Both during and after his presidency, Carter's willingness to meet face-to-face with communist leaders and deepen ties with the nations they led repeatedly sparked controversy.
In 1979, Carter severed formal diplomatic relations with Taiwan -- choosing to recognize Beijing as the sole legal government of China, effectively creating Washington's "One China policy."
Congress swiftly retaliated by passing the Taiwan Relations Act, requiring the U.S. to provide defensive arms to Taiwan -- legislation that Carter signed. The two steps, seemingly at odds, set the tone for the complicated and deeply consequential relationship between the powers that exists to this very day.

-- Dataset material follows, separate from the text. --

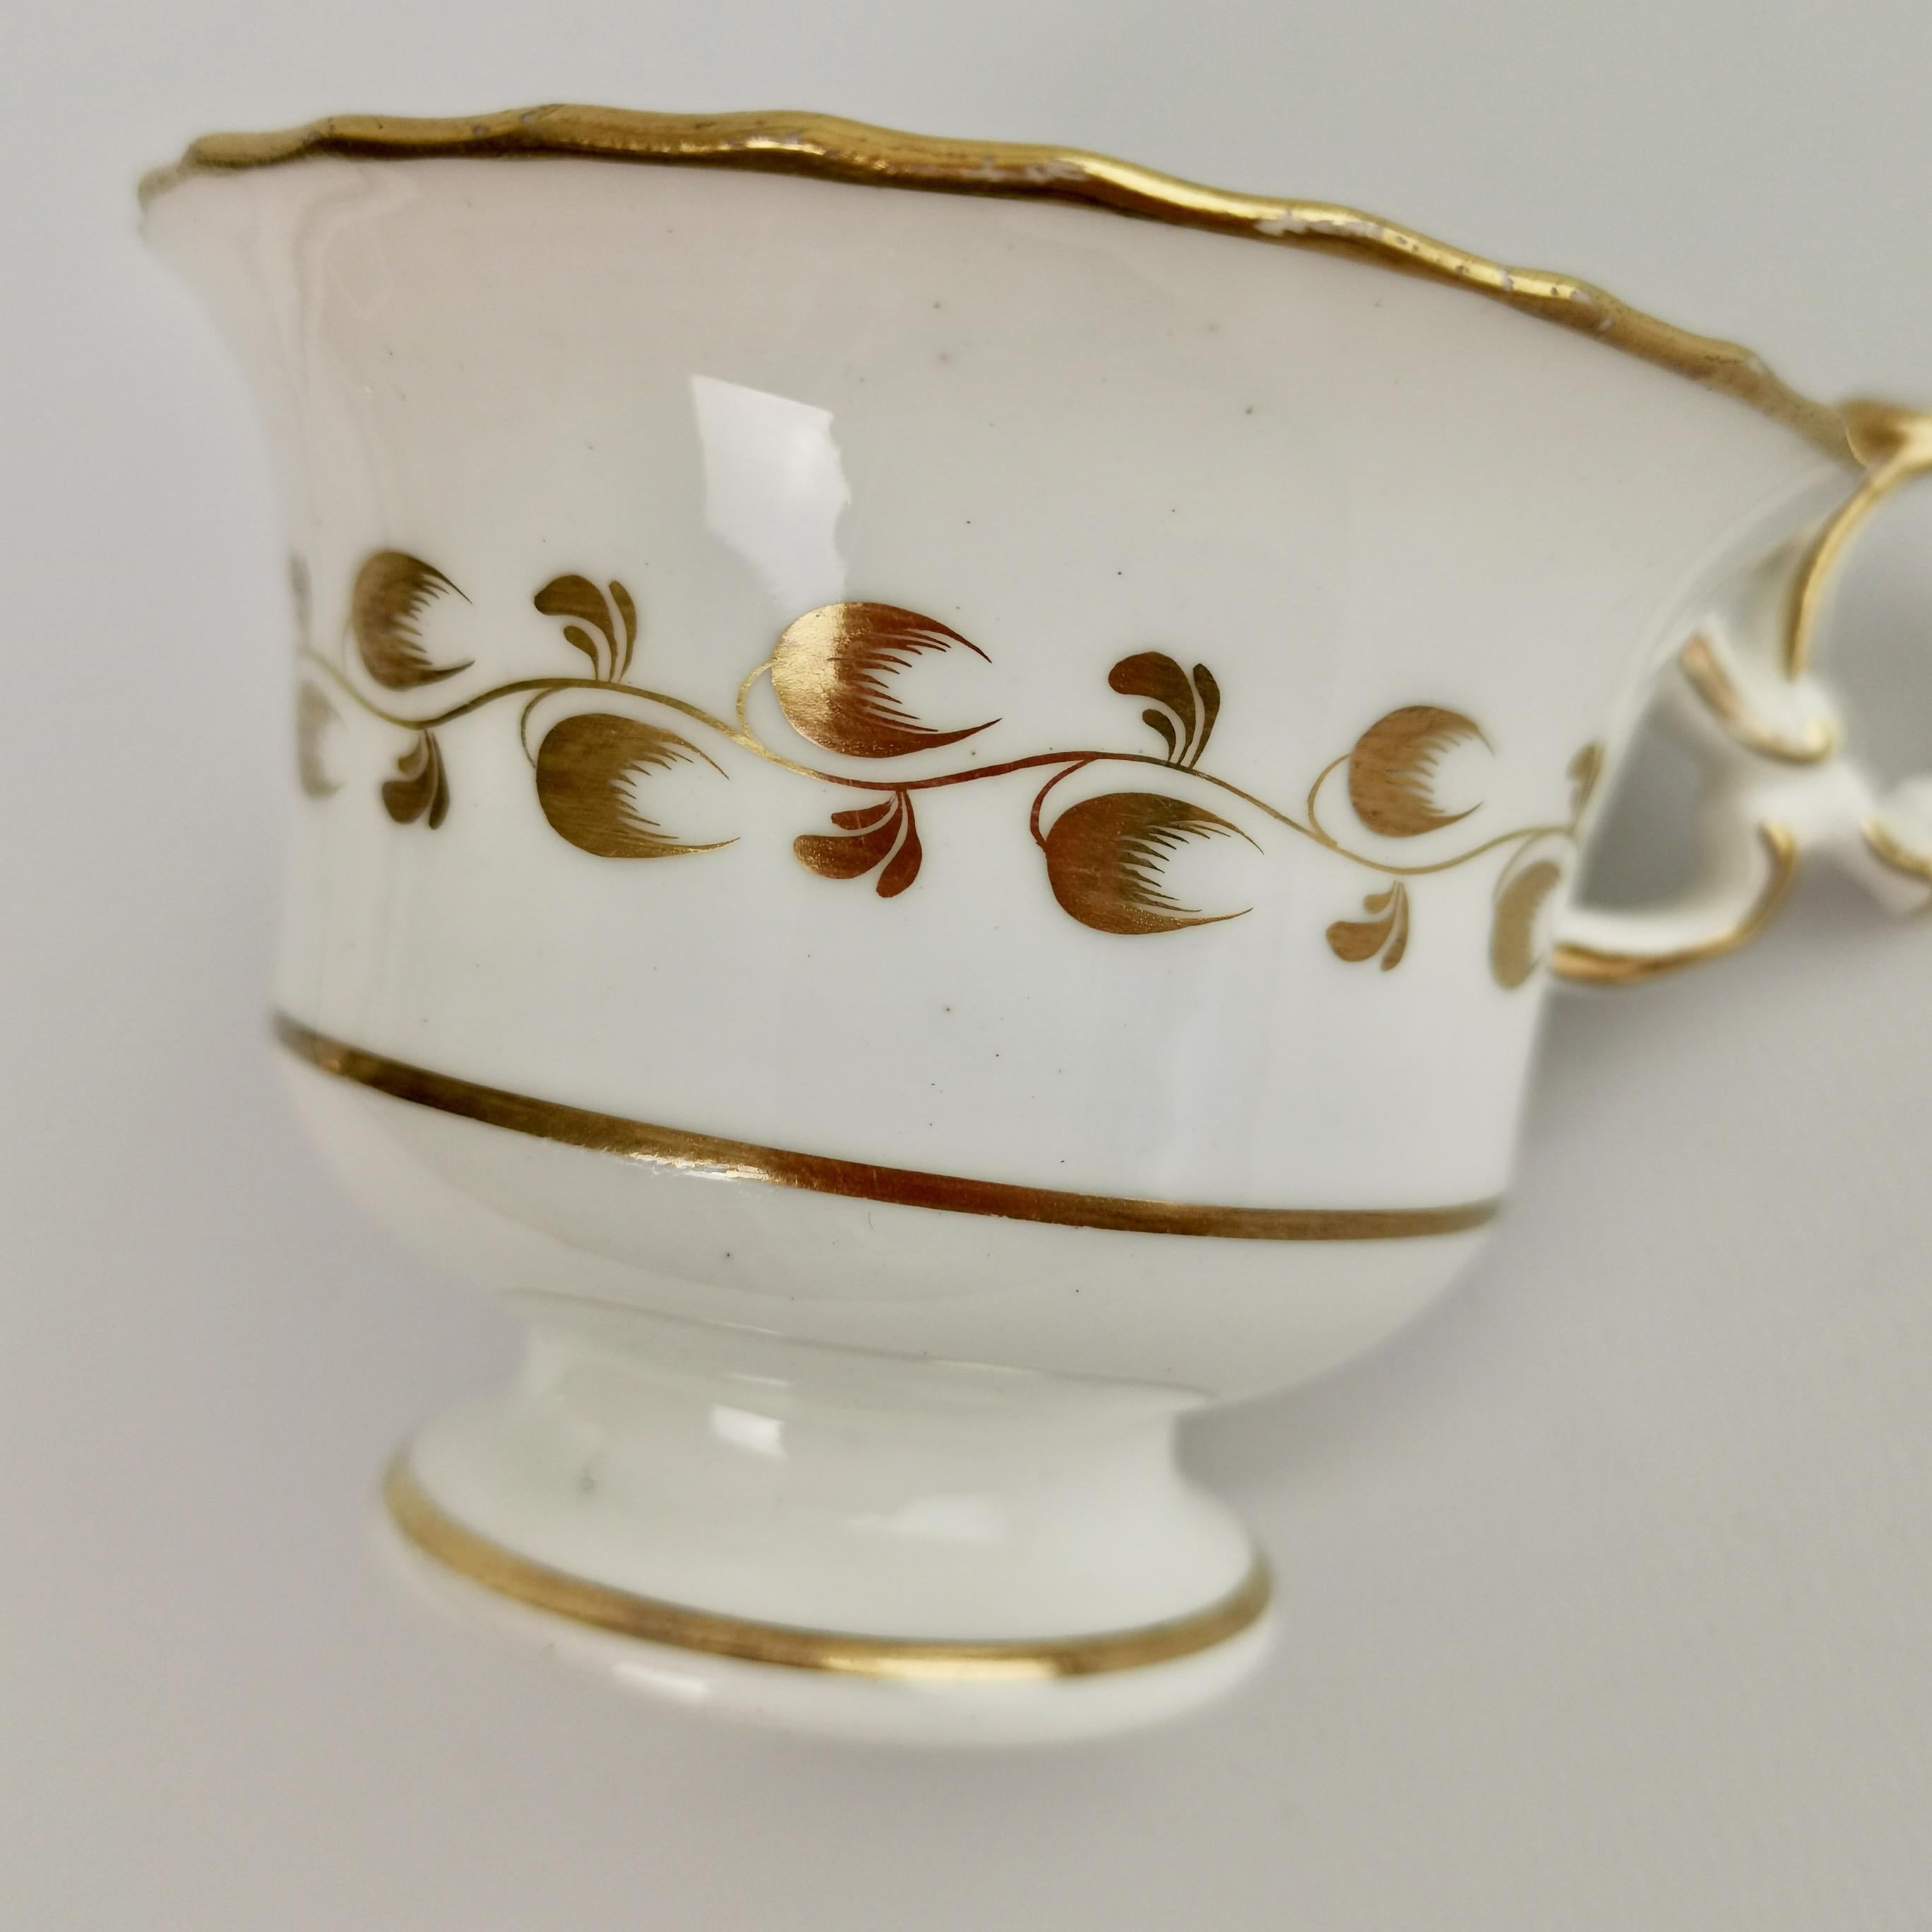 Minton Porcelain Orphaned Coffee Cup, Green with Flowers, ca 1825 3

More than two decades later, Carter became the first president in or out of office to visit Cuba since the country's revolution in 1959. While some heralded the 2002 trip as a groundbreaking step to promote democracy that cemented Carter's status as an accomplished statesman, others slammed the former president -- accusing him of legitimizing Cuba's President Fidel Castro and his regime.
But Carter's willingness to cross boundaries in pursuit of what he saw as global good did not end with world leaders.
The same year Carter traveled to Cuba, he also journeyed to Africa -- visiting several countries where the AIDS/HIV epidemic was still ravaging populations and deeply stigmatizing.
There, alongside former South African President Nelson Mandela, Carter cradled babies infected with the virus, lovingly holding the infants as cameras snapped pictures.
Dr. Helene Gayle, the president of Spelmen College, who accompanied Mandela and Carter on the trip, says it's a scene she will never forget.
"They wanted to show everyone that these babies were no harm to anyone, including world leaders," she said.